Understand how packed rows are implemented in DocDB

Originally DocDB used to store individual column data of a row as multiple key-value pairs. Although this has advantages when single columns are looked up, it also meant multiple lookups for multiple columns and also led to increase in storage space. To overcome this, DocDB uses Packed rows, which means that an entire row is stored as a single key-value pair.

The packed row format for the YSQL API is GA as of v2.20.0, and for the YCQL API is TP .

Overview

A row corresponding to the user table is stored as multiple key-value pairs in DocDB. For example, a row with one primary key K and n non-key columns, that is, K (primary key) | C1 (column) | C2 | ……… | Cn, would be stored as n key-value pairs - <K, C1> <K, C2> .... <K, Cn>.

With packed row format, it would be stored as a single key-value pair: <K, packed {C1, C2...Cn}>.

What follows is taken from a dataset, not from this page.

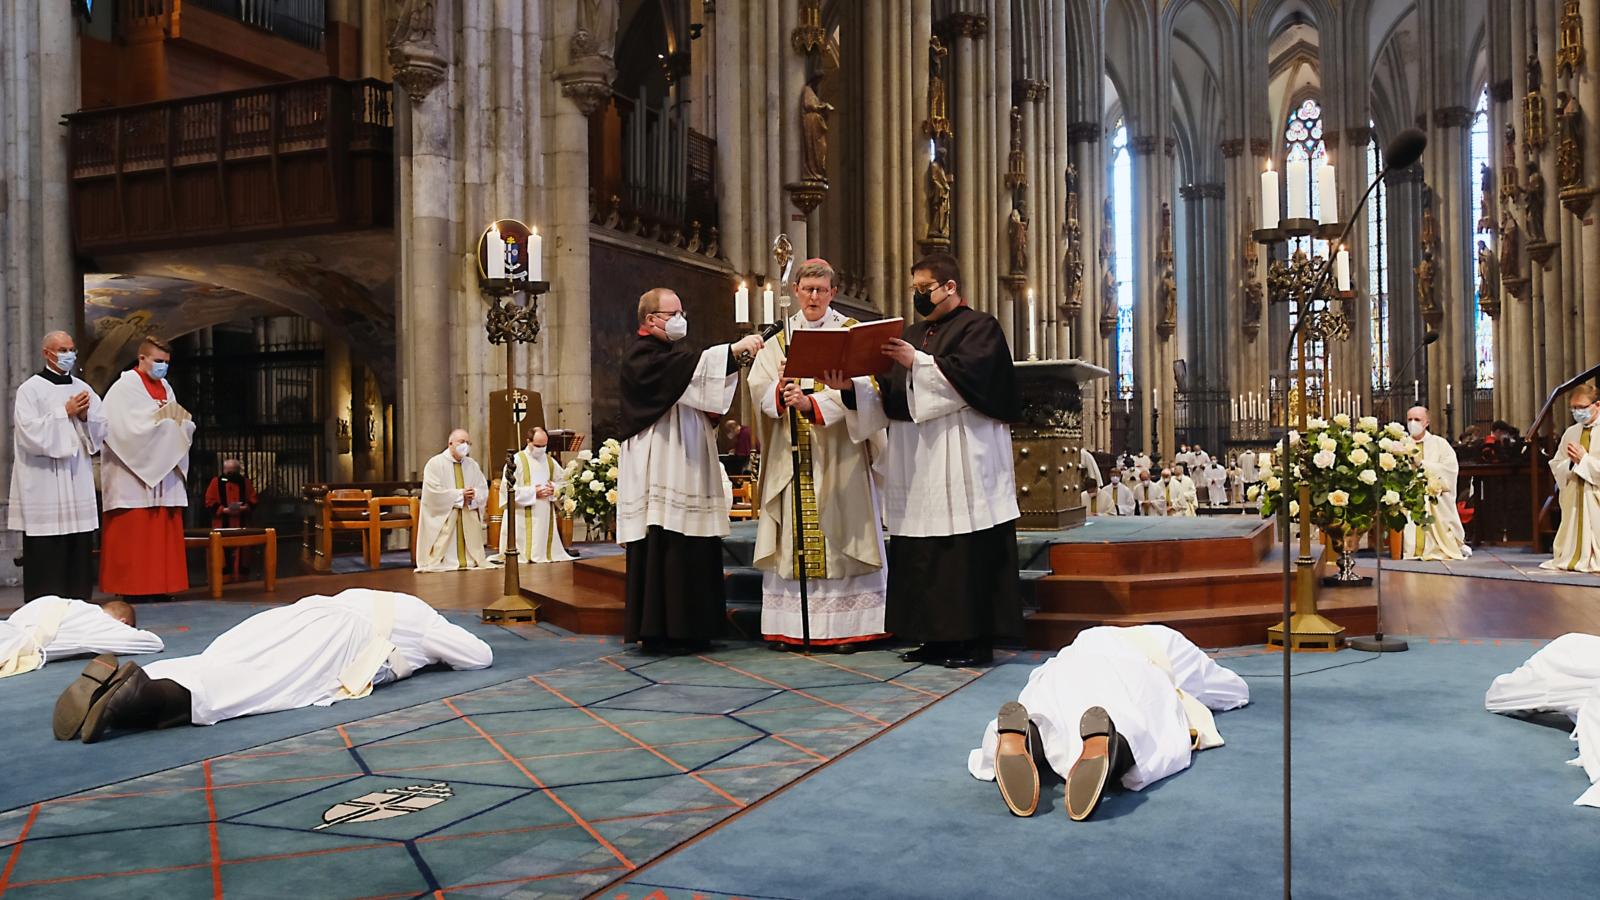 Am Herz-Jesu-Fest am 11. Juni 2021 hat Erzbischof Rainer Maria Kardinal Woelki im Kölner Dom vier Männer zu Priestern geweiht.

While user-defined types (UDTs) can be used to achieve the packed row format at the application level, native support for packed row format has the following benefits:

Lower storage footprint.
Efficient INSERTs, especially when a table has large number of columns.
Faster multi-column reads, as the reads need to fetch fewer key value pairs.
UDTs require application rewrite, and therefore not necessarily an option for all use cases, like latency sensitive update workloads.

Enable packed row

Packed row for YSQL is enabled by default for new universes in v2.20.0 and later.

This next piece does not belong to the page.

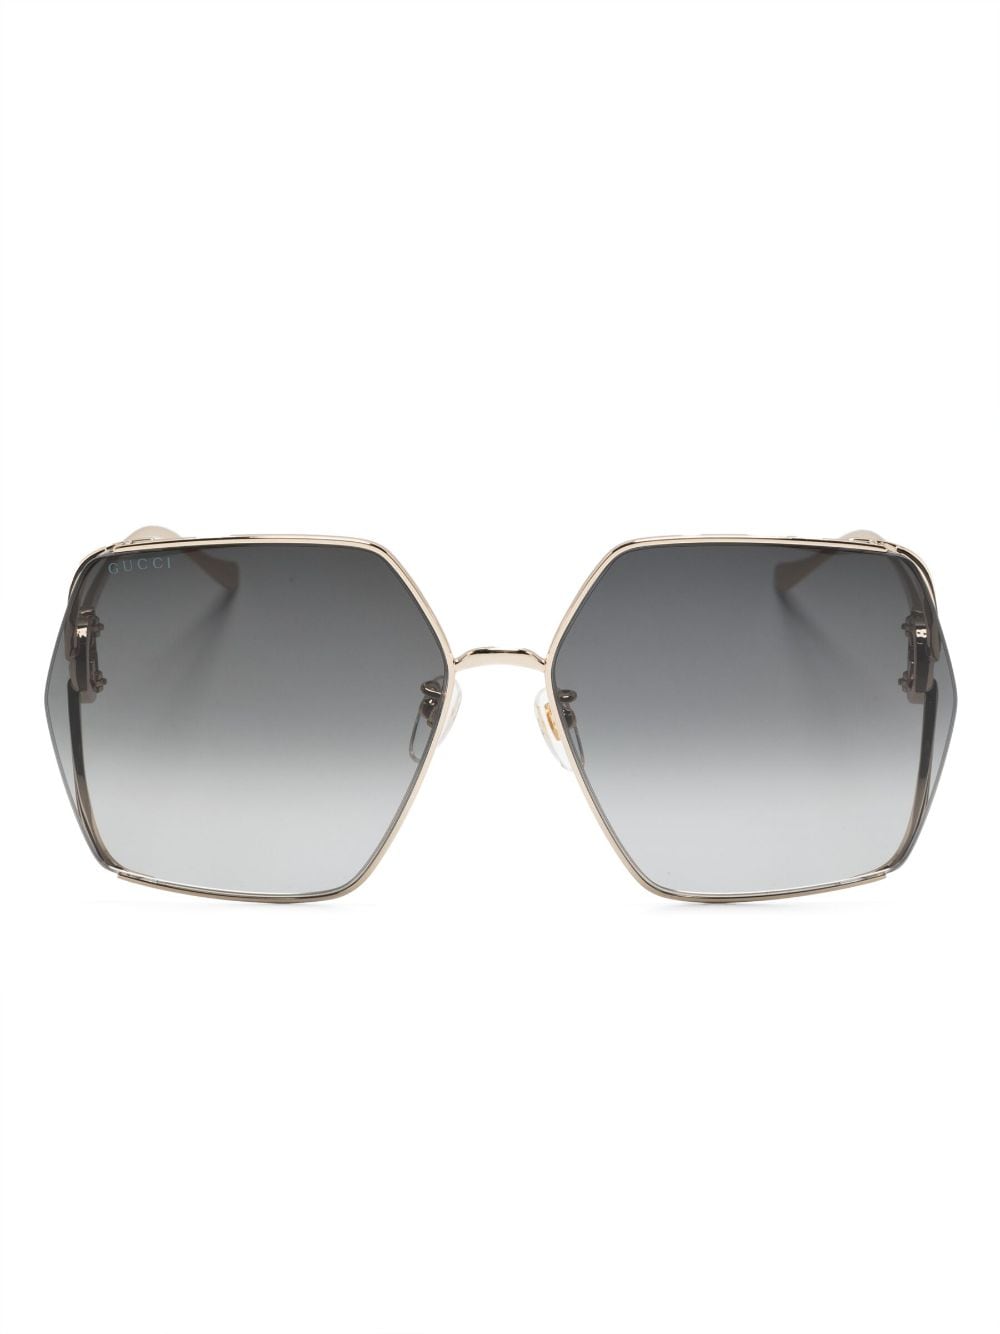 Gucci Interlocking-g Square-frame Sunglasses In Gold

If you upgrade a universe that does not have packed row enabled to a version earlier than v2025.1, packed row for YSQL is not automatically enabled.

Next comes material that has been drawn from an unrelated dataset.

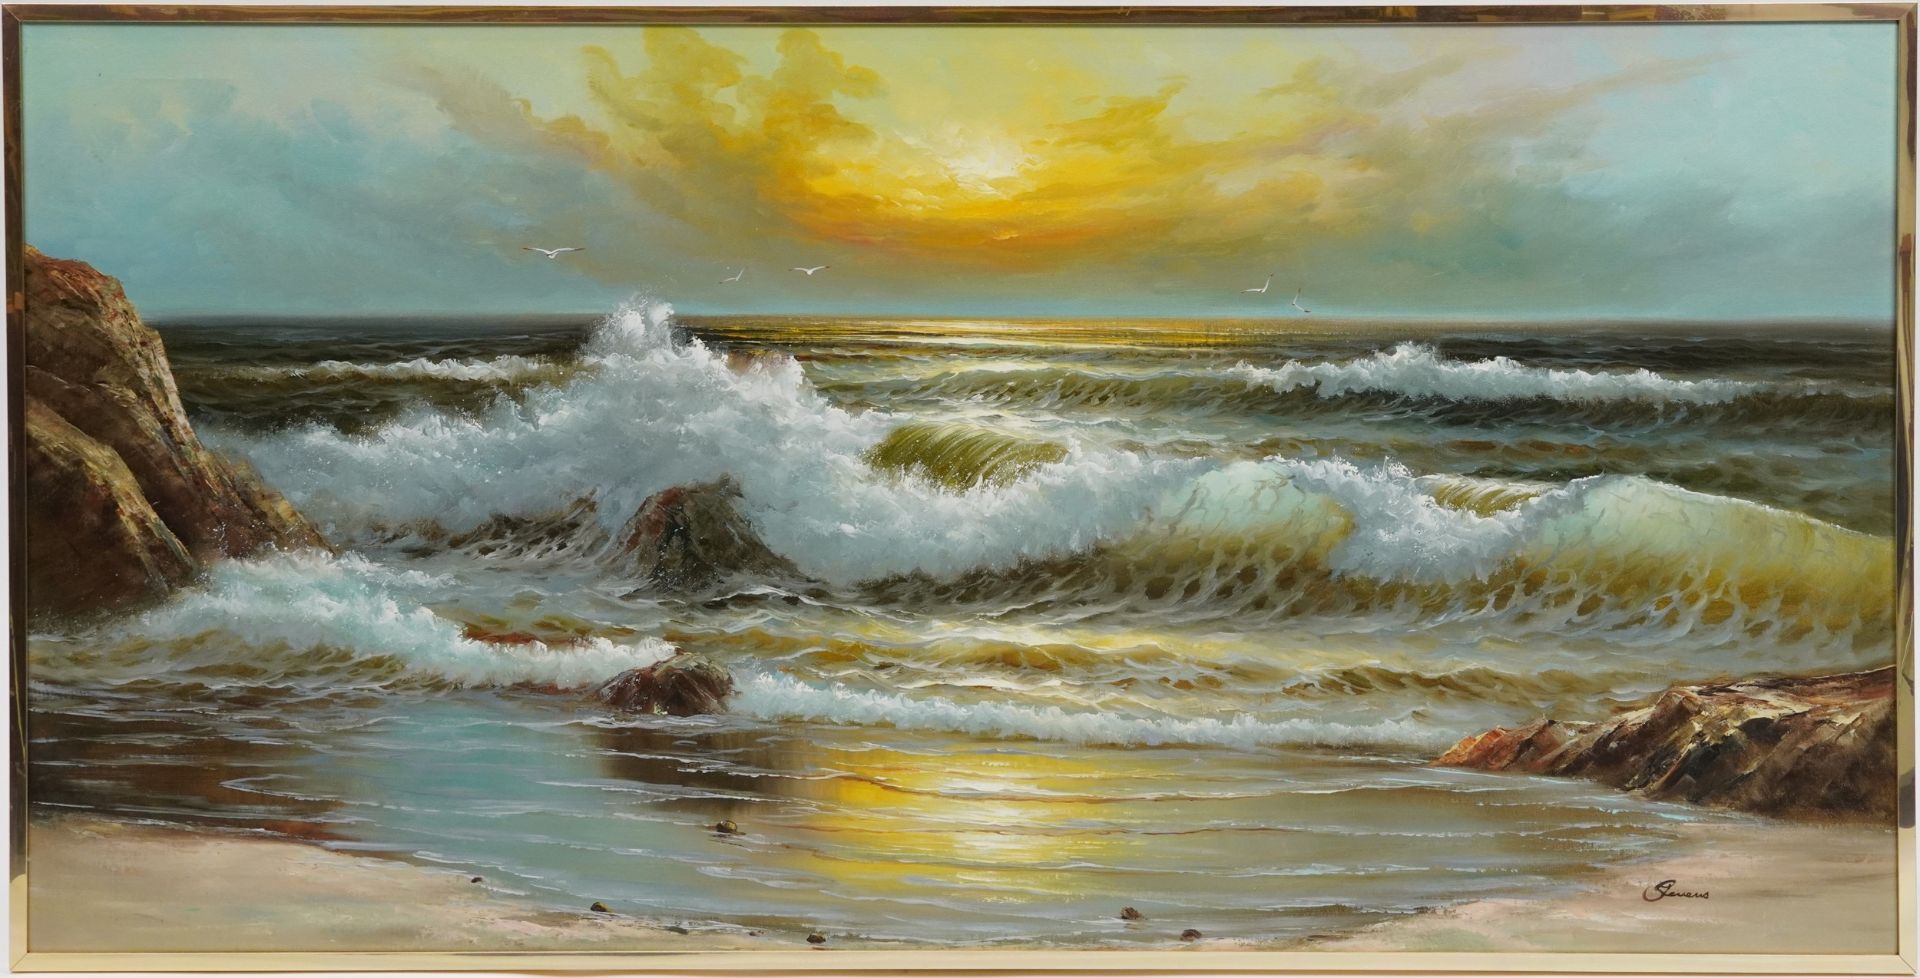 Coastal scene with crashing waves, oil on canvas, indistinctly signed, framed, 151cm x 75cm - Image 2 of 5

If you upgrade a universe that does not have packed row enabled to v2025.1 or later, packed row for YSQL is automatically enabled.

You can configure packed row format using the Packed row flags.

Design

Following are the design aspects of packed row format:

Inserts: Entire row is stored as a single key-value pair.
Updates: If some column(s) are updated, then each such column update is stored as a key-value pair in DocDB (same as without packed rows). However, if all non-key columns are updated, then the row is stored in the packed format as one single key-value pair. This scheme adopts both efficient updates and efficient storage.
Select: Scans need to construct the row from packed inserts as well as non-packed update(s), if any.
Point lookups: Point lookups will be just as fast as without packed row as fundamentally, we will still be seeking a single key-value pair from DocDB.
Compactions: Compactions produce a compact version of the row, if the row has unpacked fragments due to updates.
Backward compatibility: Read code can interpret non-packed format as well. Writes/updates can produce non-packed format as well. Once a row is packed, it cannot be unpacked.

Performance

Testing the packed row feature with different configurations showed significant performance gains:

Sequential scans for table with 1 million rows was 2x faster with packed rows.
Bulk ingestion of 1 million rows was 2x faster with packed rows.

Limitations

Packed row for the YSQL API works across all features, including backup and restore, schema changes, and so on, subject to the following limitation:

If you upgrade a universe that does not have packed row enabled to a version earlier than v2025.1, packed row for YSQL is not automatically enabled. This is due to a known limitation with xCluster universes, where the target universe might not be able to interpret the packed row unless it is upgraded first. #21131

Packed row for the YCQL API is TP . There are no known limitations.